Ecco quando arriverà il vaccino Novavax in Italia

“Per la fine di questa settimana – ha precisato il commissario – arriverà il vaccino Novavax: poco più di un milione di dosi che saranno subito distribuite a tutte le Regioni e Province autonome e poi un altro paio di milioni di dosi nel mese di marzo, quindi ci sarà disponibilità ulteriore di questo vaccino”.

Il 22 dicembre scorso (leggi l’articolo) la Commissione Tecnico Scientifica dell’Aifa aveva approvato l’utilizzo del vaccino proteico Nuvaxovid (Novavax), rendendolo disponibile nell’intera indicazione autorizzata da Ema (leggi l’articolo) per i soggetti di età uguale o superiore ai 18 anni.

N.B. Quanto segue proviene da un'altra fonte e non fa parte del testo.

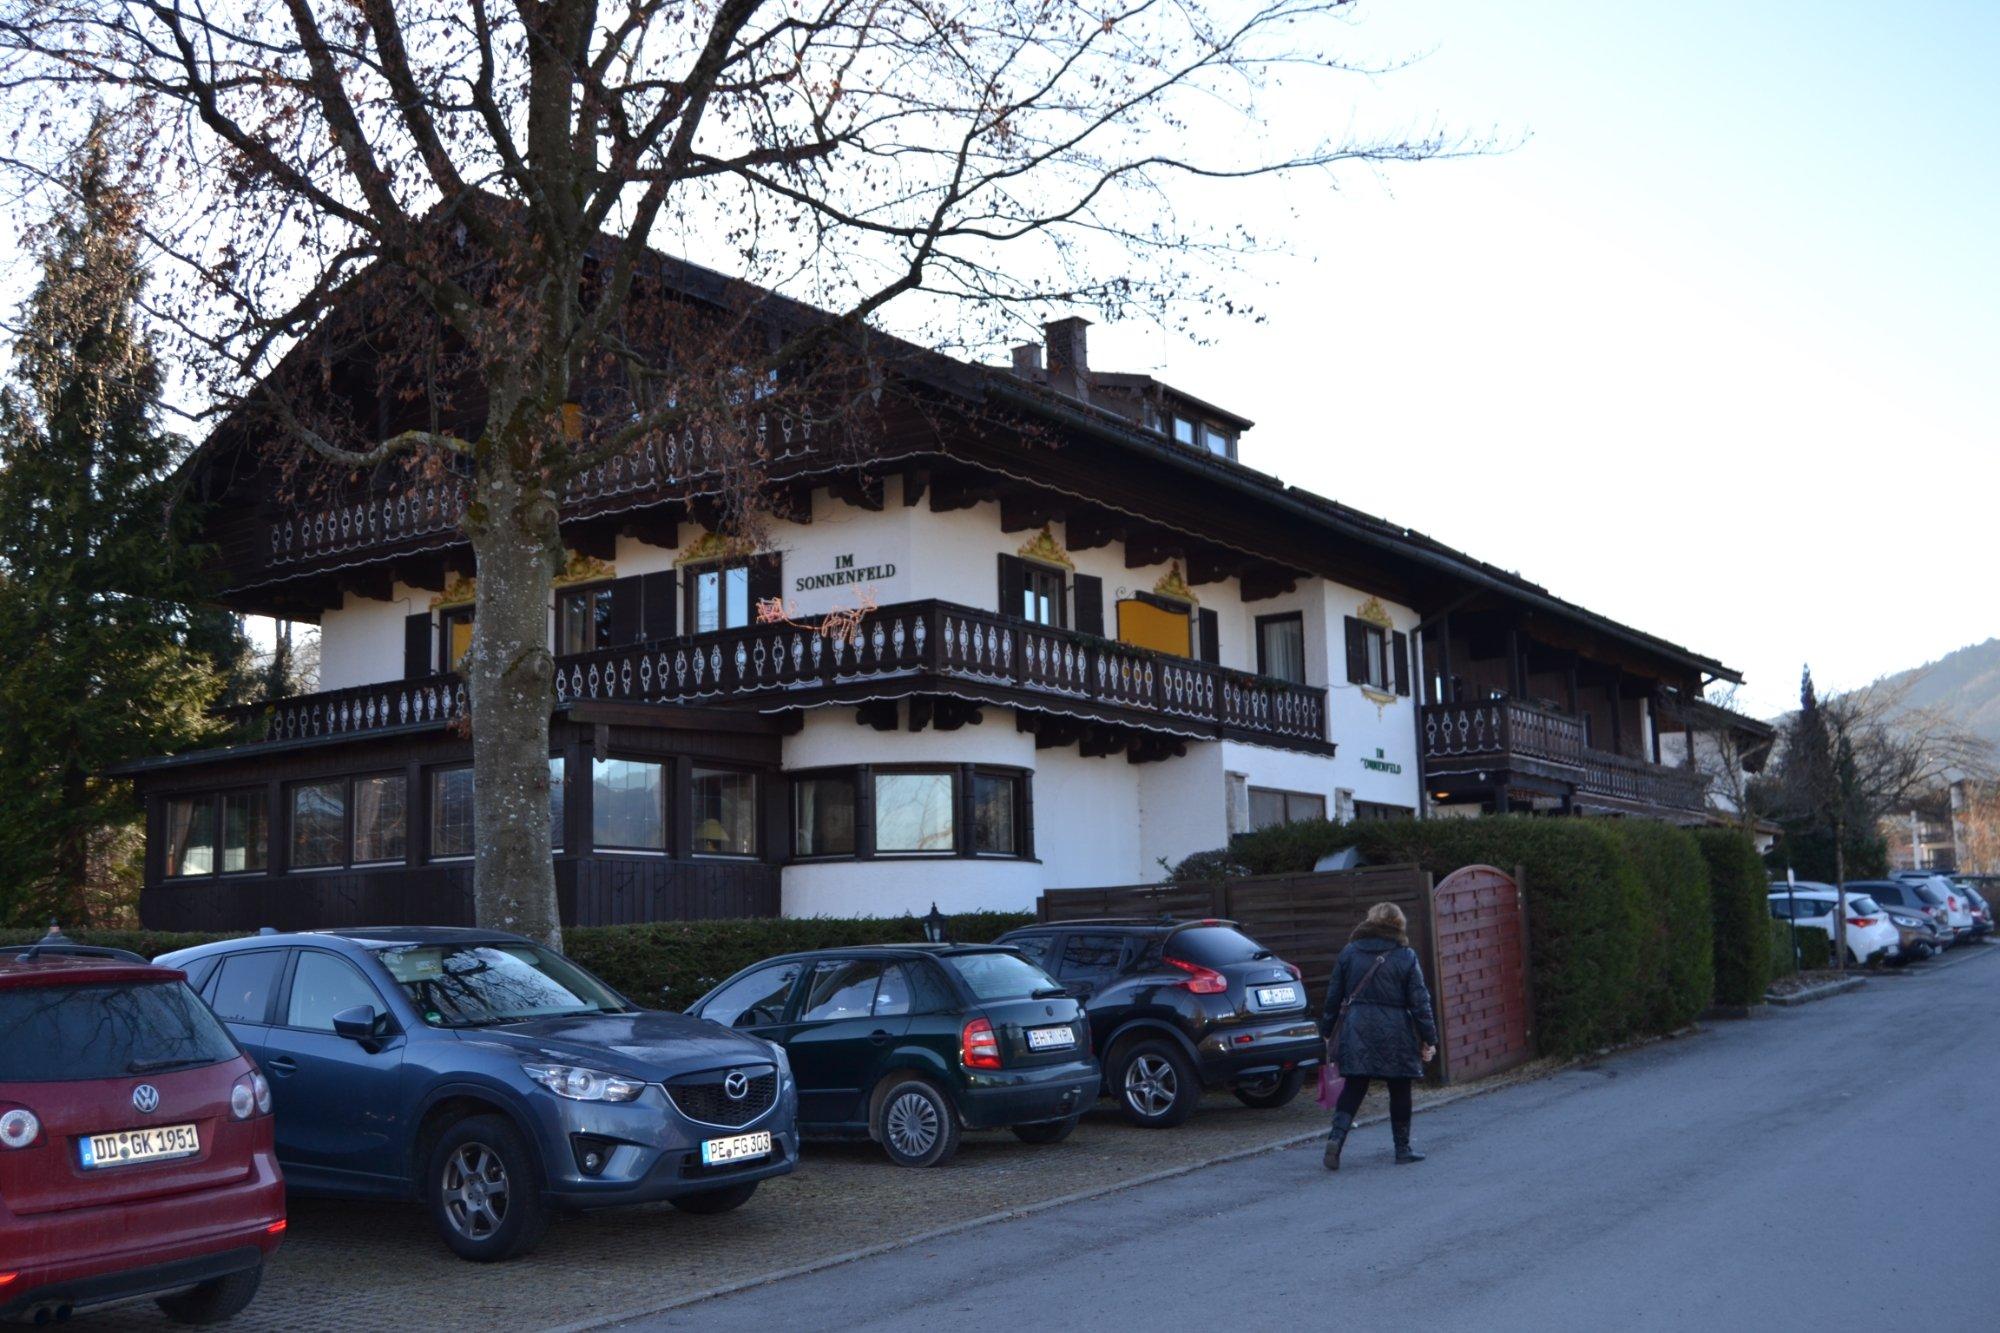 Landhaus Im Sonnenfeld

La vaccinazione prevede un ciclo vaccinale primario di due dosi a distanza di tre settimane l’una dall’altra. I dati disponibili, aveva riferito la Cts dell’Agenzia italiana del farmaco, sul vaccino Novavax hanno mostrato una efficacia di circa il 90% nel prevenire la malattia Covid-19 sintomatica anche nella popolazione di età superiore ai 64 anni. Il profilo di sicurezza si è dimostrato positivo, con reazioni avverse prevalentemente di tipo locale.

Il Novavax è vaccino proteico, molto simile a quelli utilizzati per altre infezioni virali come la meningite, la pertosse o l’herpes, e per questo, essendo diverso da quelli ad mRna (come Pfizer e Moderna) potrebbe vincere le resistenze di chi ancora non si è vaccinato.

“Da giovedì sarà possibile prenotare il vaccino Novavax prima e seconda dose a distanza di tre settimane” ha annunciato oggi l’assessore alla Salute della Regione Lazio, Alessio D’Amato. Dosi in arrivo anche in Piemonte. “60 mila unità entro fine mese” ha confermato il governatore Alberto Cirio. “C’è molta richiesta da parte della platea di persone che non hanno ancora aderito alla vaccinazione contro il Covid”.